◆ **ASSIGNED TASK**
Restate the whole listing below word for word and keep the images out.

◆ **DATASET EXTRACT**
========================

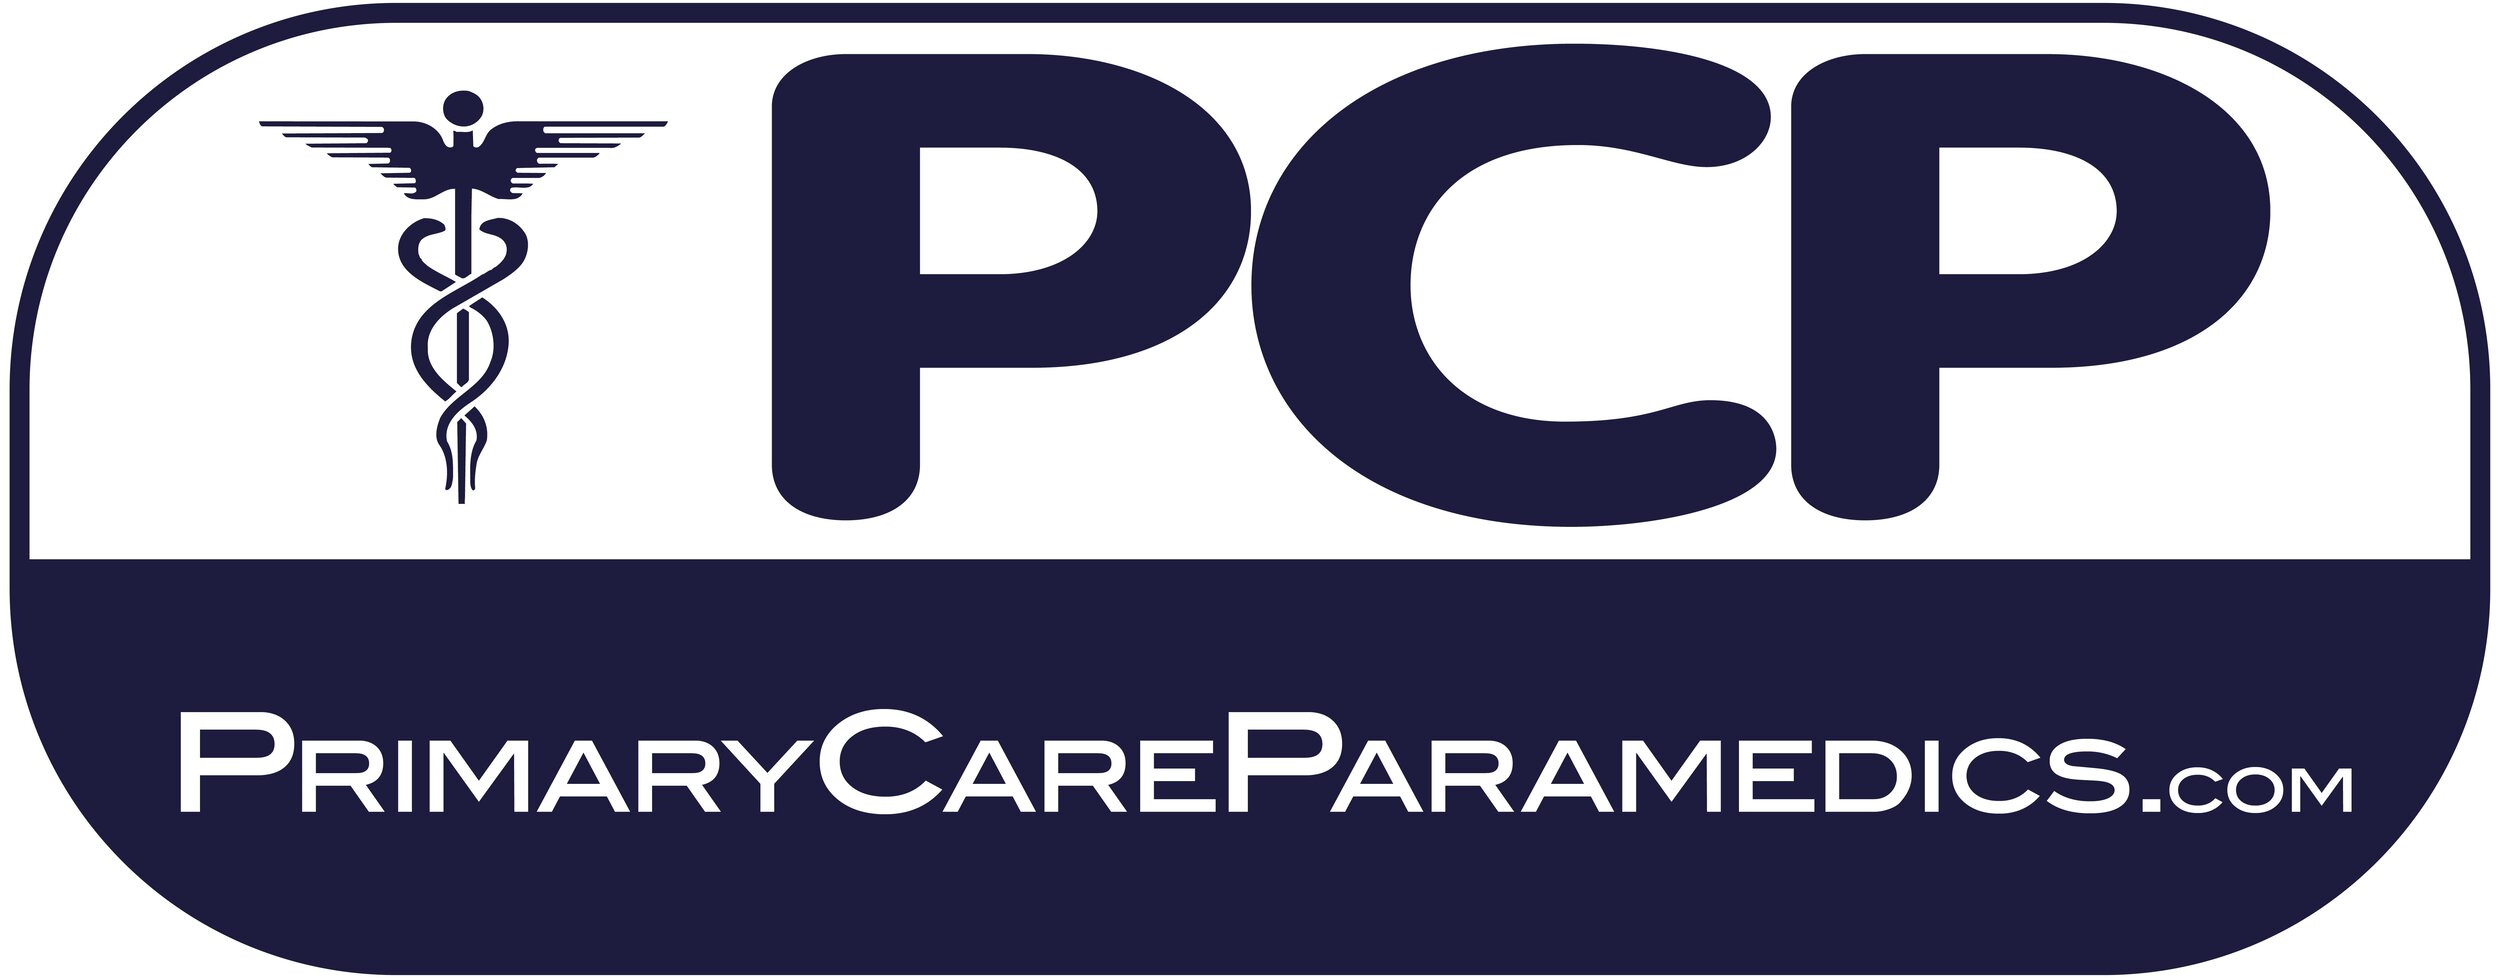 Primary Care Paramedics
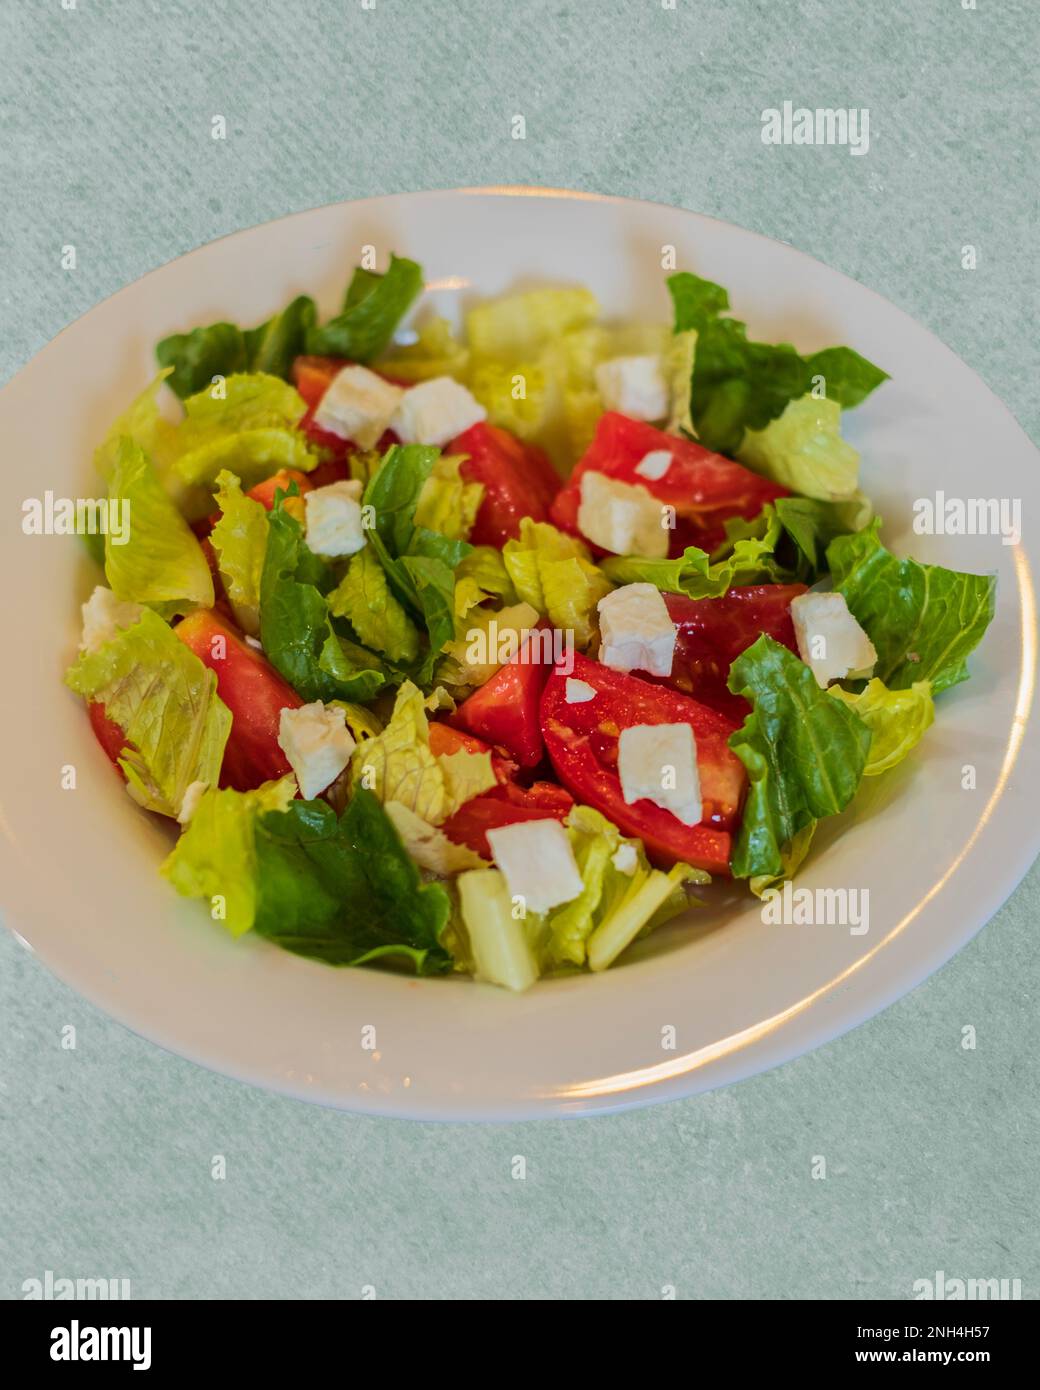 Une salade fraîche avec de la laitue romaine, des tomates coupées et du fromage feta dans un bol blanc. Gros plan, par le dessus. Banque D'Images
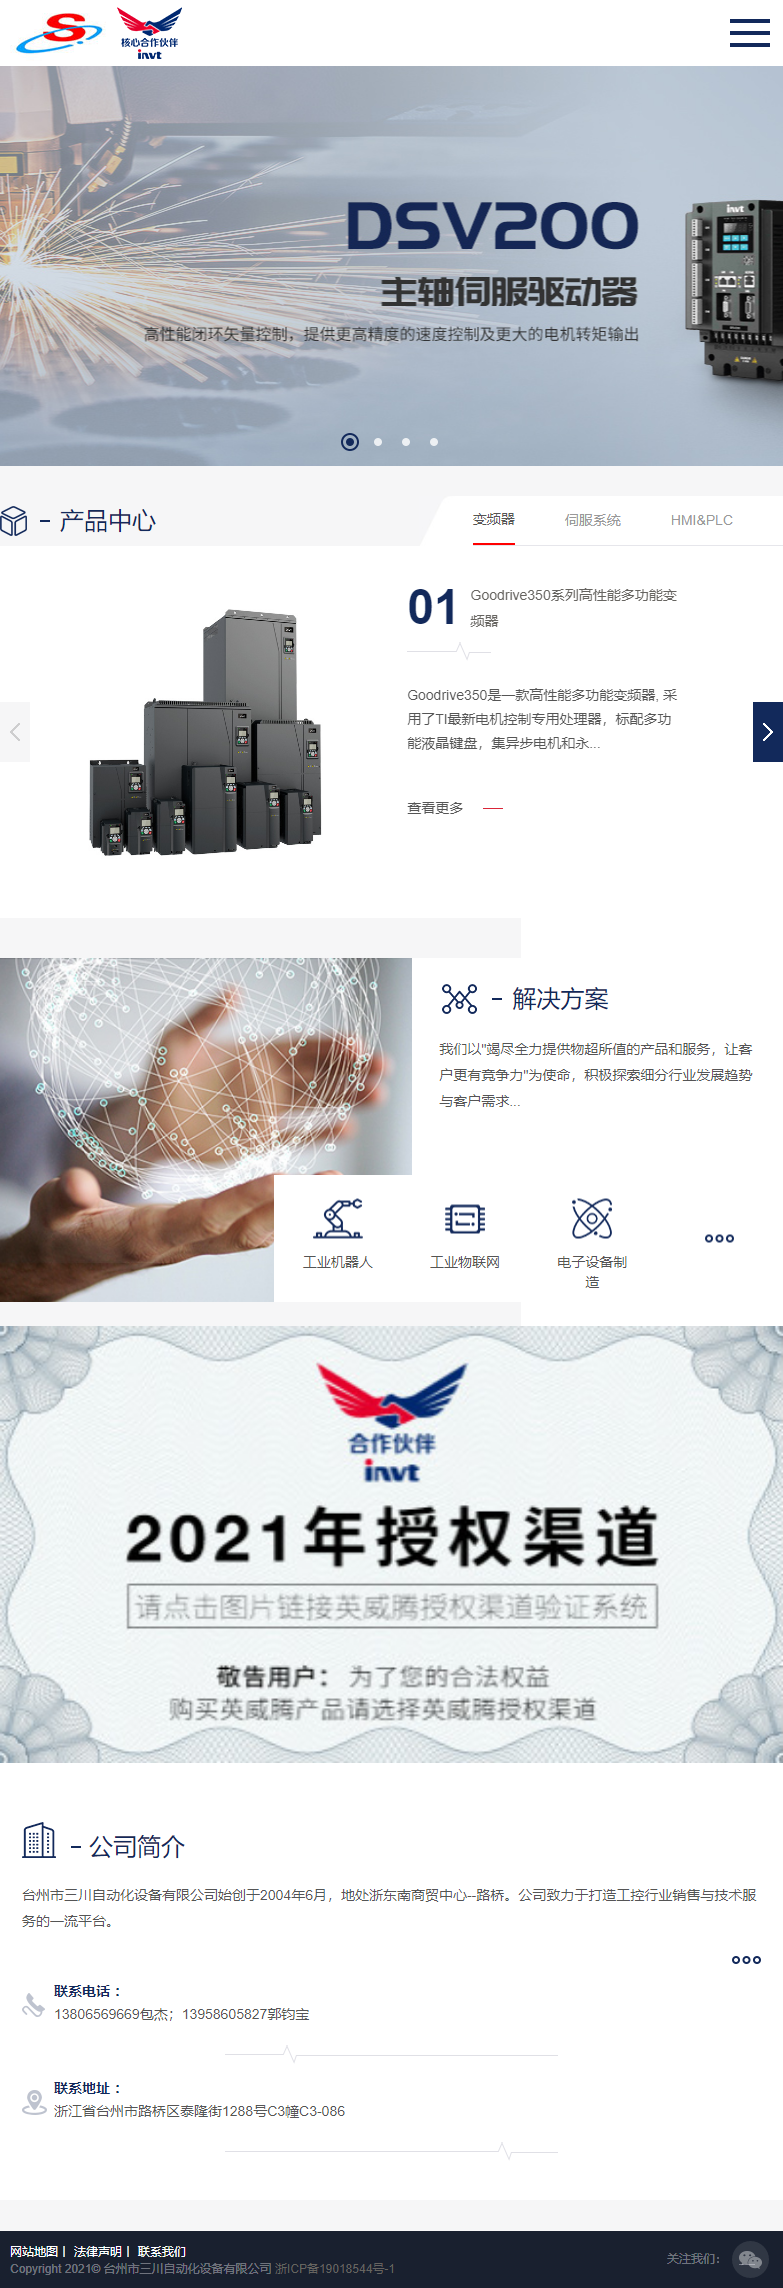 台州市三川自动化设备有限公司网站案例

========================

◆ **YOUR RESPONSE**
 Primary Care Paramedics
 Une salade fraîche avec de la laitue romaine, des tomates coupées et du fromage feta dans un bol blanc. Gros plan, par le dessus. Banque D'Images
 台州市三川自动化设备有限公司网站案例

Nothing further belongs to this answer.